Александр, конечно, имел в виду FM -радиостанции, где ди-джеи замусоривают язык. Но очень часто вообще сейчас в эфире язык довольно мусорный, это правда. И это, кстати, показали и ваши дискуссии на фестивале, когда журналисты, задававшие вопросы, разговаривали приблизительно так: «Как бы… понятно… остается надеяться… и…» В общем, как-то эти все слова в одинаковые конструкции складывались.
Нина Зверева: Знаете, за эти три дня был составлен список запрещенных слов, и уже ради этого стоило проводить фестиваль. Все уехали с этим списком. И мы еще сделали конкурс, чтобы они написали текст о самом фестивале «Живое слово», как раз Флярковский вел этот конкурс, потом подводил итоги. И там только один текст из пятнадцати был написан хорошим, грамотным языком.

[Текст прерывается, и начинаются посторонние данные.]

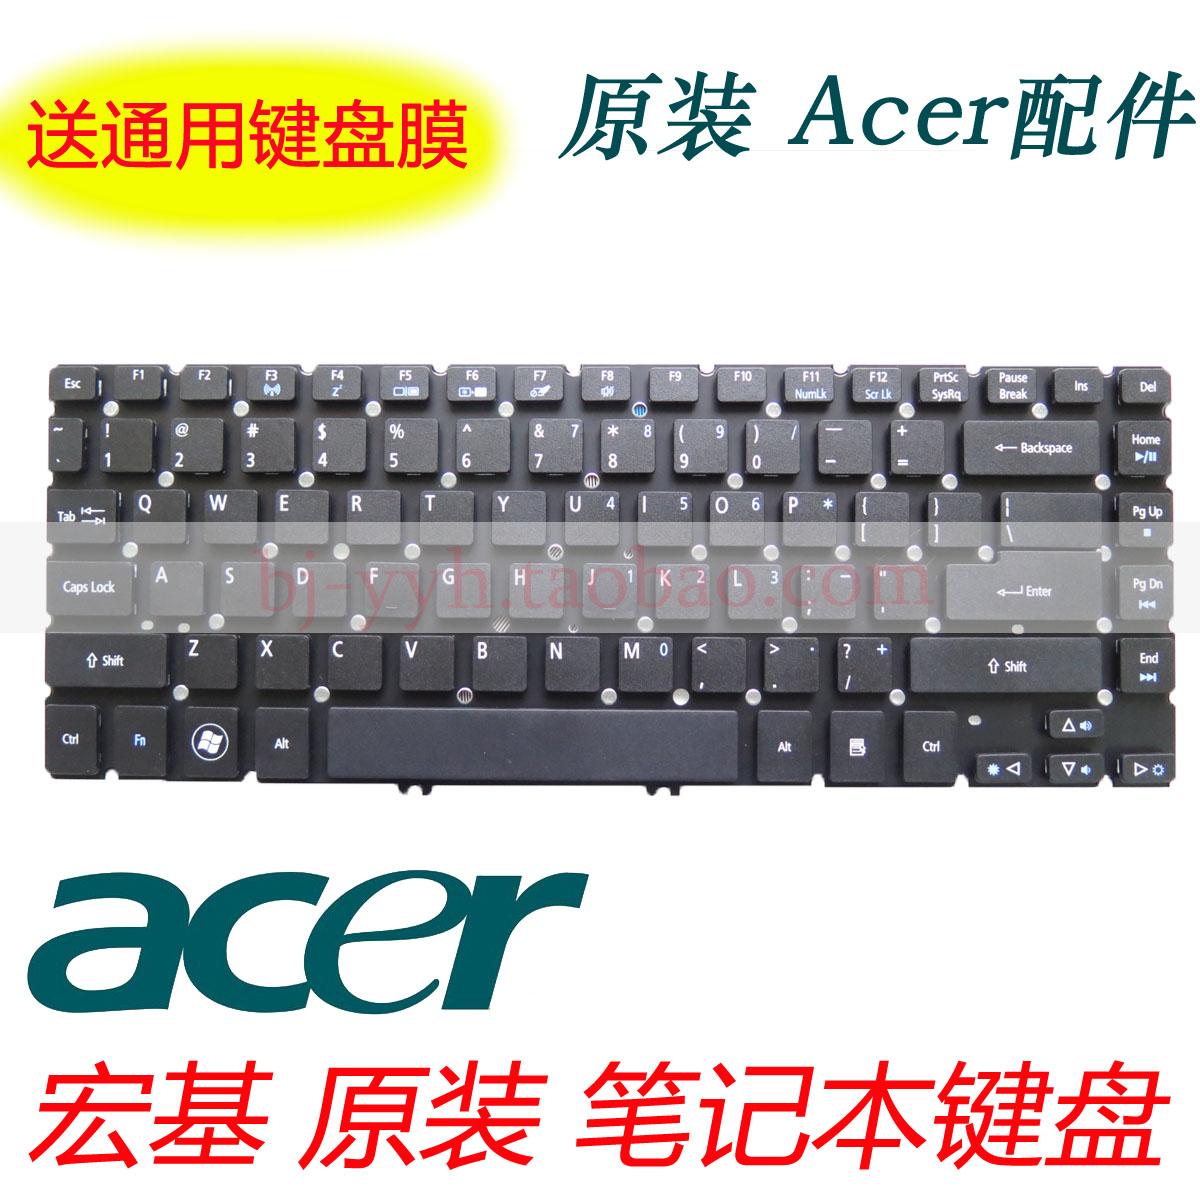 原装Acer宏基4755 3830T键盘EC-470 MS2376 4830TG电脑笔记本键盘

Анна Качкаева: А на портале вывесите эти запрещенные слова? Их сколько?
Нина Зверева: Конечно. Там у нас было порядка 28 выражений, все вместе мы собрали.
Александр Архангельский: И надо штрафовать.
Анна Качкаева: Большинство наших слушателей, разумеется, считают, что СМИ несут скорее всего вульгарный язык улицы. Хотя Александр Архангельский сказал, что разные СМИ несут разную норму и разный язык. А Татьяна Сергеевна нам пишет (и я возвращу вас, Александр и Нина, к вопросу о роли и месте журналиста в обществе, в том числе, в формировании того, что называется проговариванием мыслей и смыслов, которое происходит на языке): «В наше время невежество образованной толпы до шло до того, что все настоящие поэты и прозаики считаются отсталыми, не удовлетворяющими высоким и утонченным требованиям новых людей». Это вот такое ироничное, видимо, мнение.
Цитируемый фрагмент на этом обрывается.